◆ Problem details
Reproduce each line of the material exactly, minus any picture.

======== Stored data ========

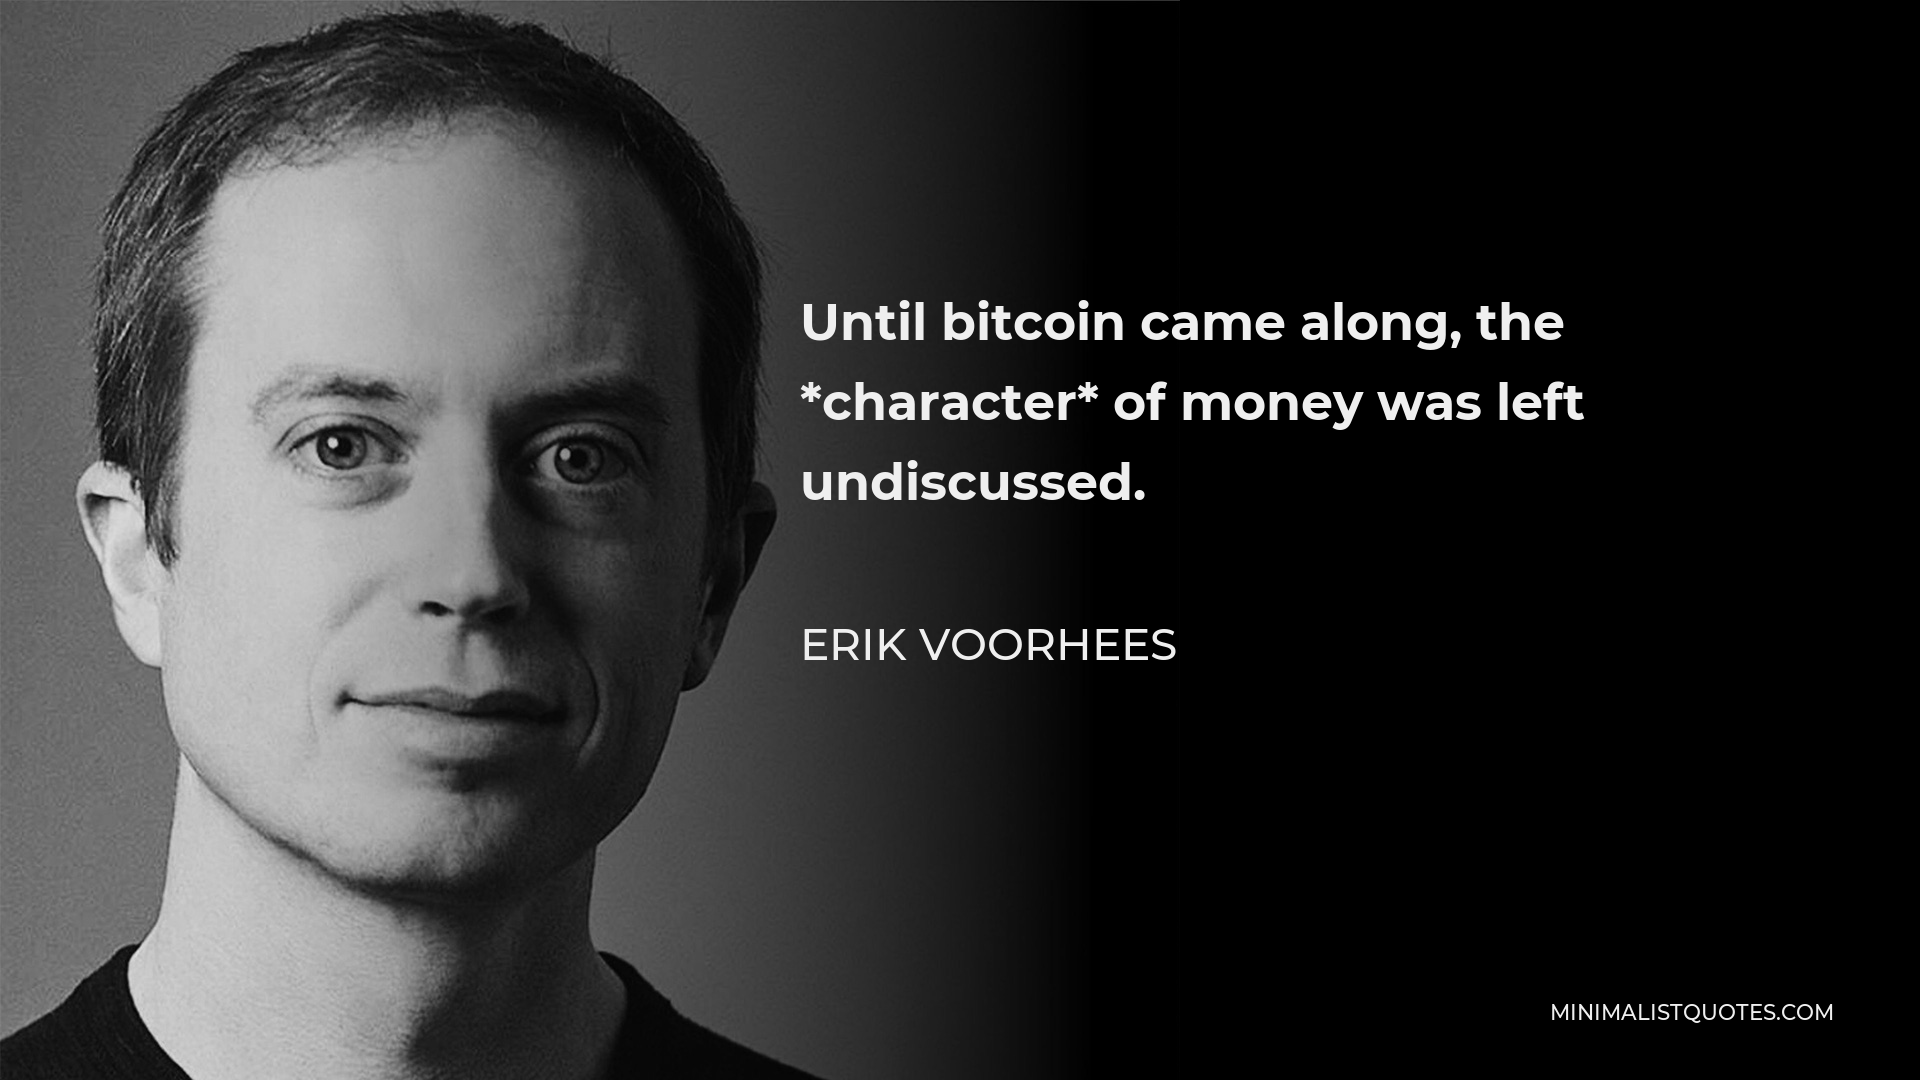 Erik Voorhees Quote - Until bitcoin came along, the *character* of money was left undiscussed.
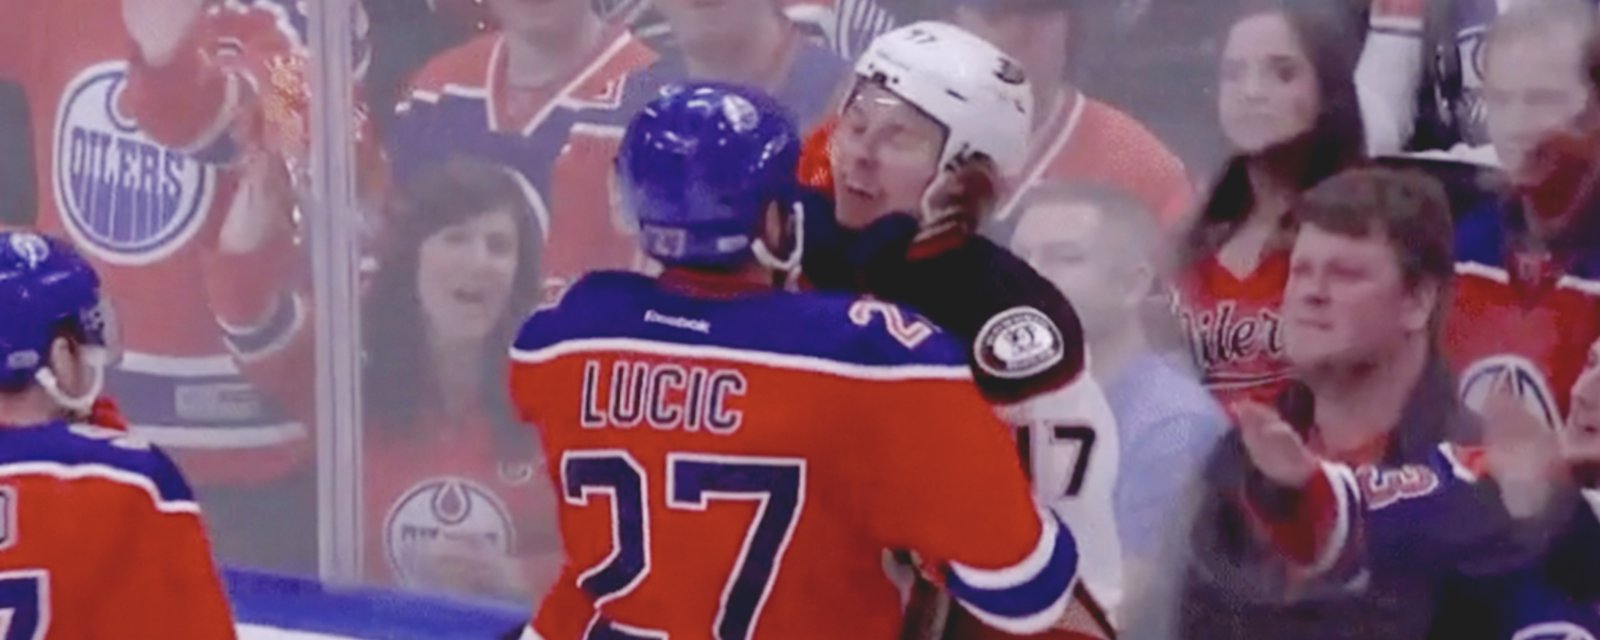 ICYMI: Watch Milan Lucic trying to choke one opponent in game 3.
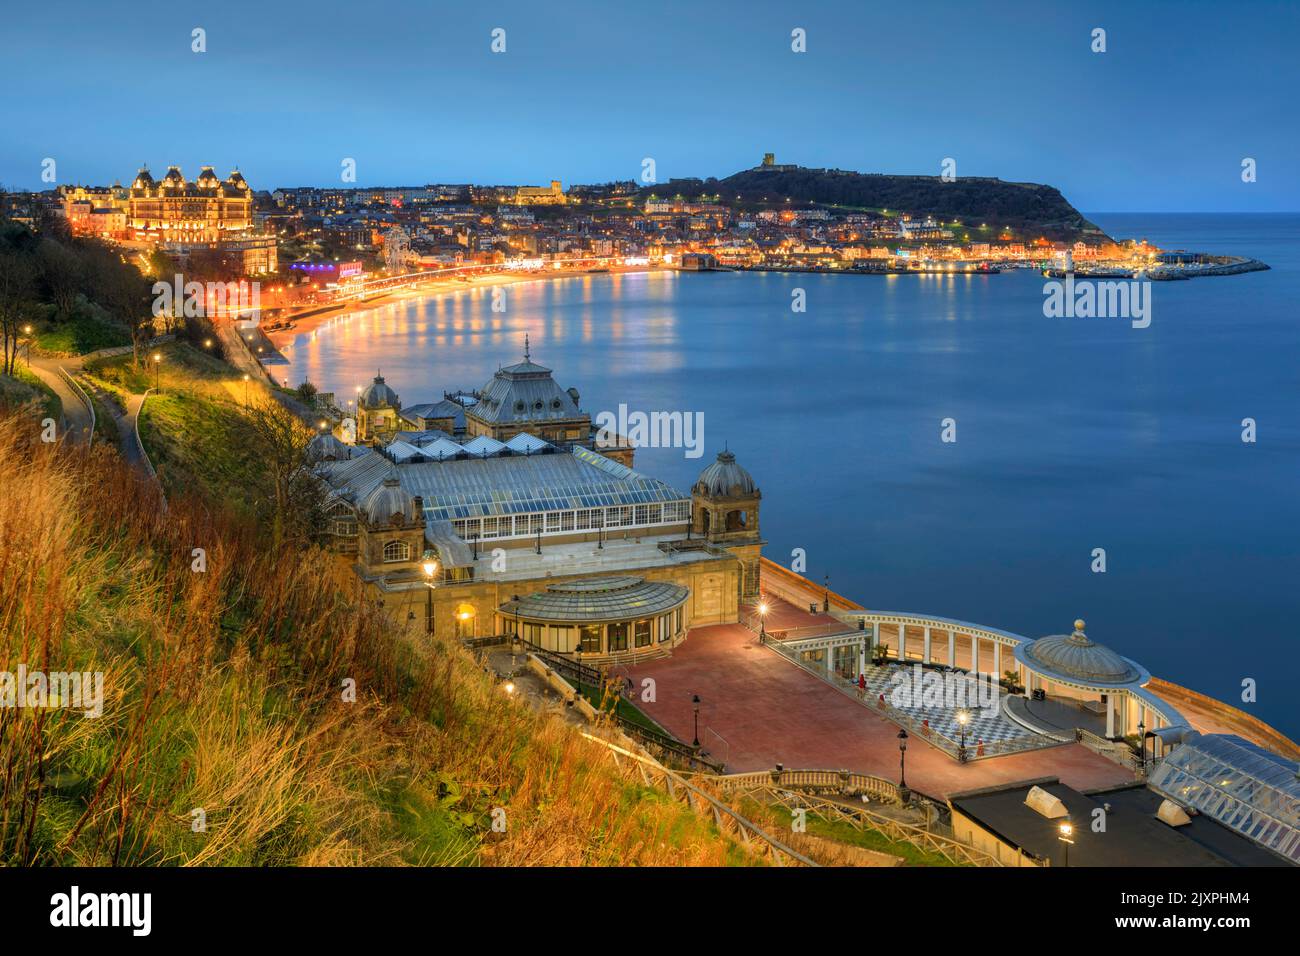 South Bay at Scarborough with the spa in the foreground captured during twilight on an evening in the spring. Stock Photo

========

◆ Output for this task
 Erik Voorhees Quote - Until bitcoin came along, the *character* of money was left undiscussed.
 ICYMI: Watch Milan Lucic trying to choke one opponent in game 3.
 South Bay at Scarborough with the spa in the foreground captured during twilight on an evening in the spring. Stock Photo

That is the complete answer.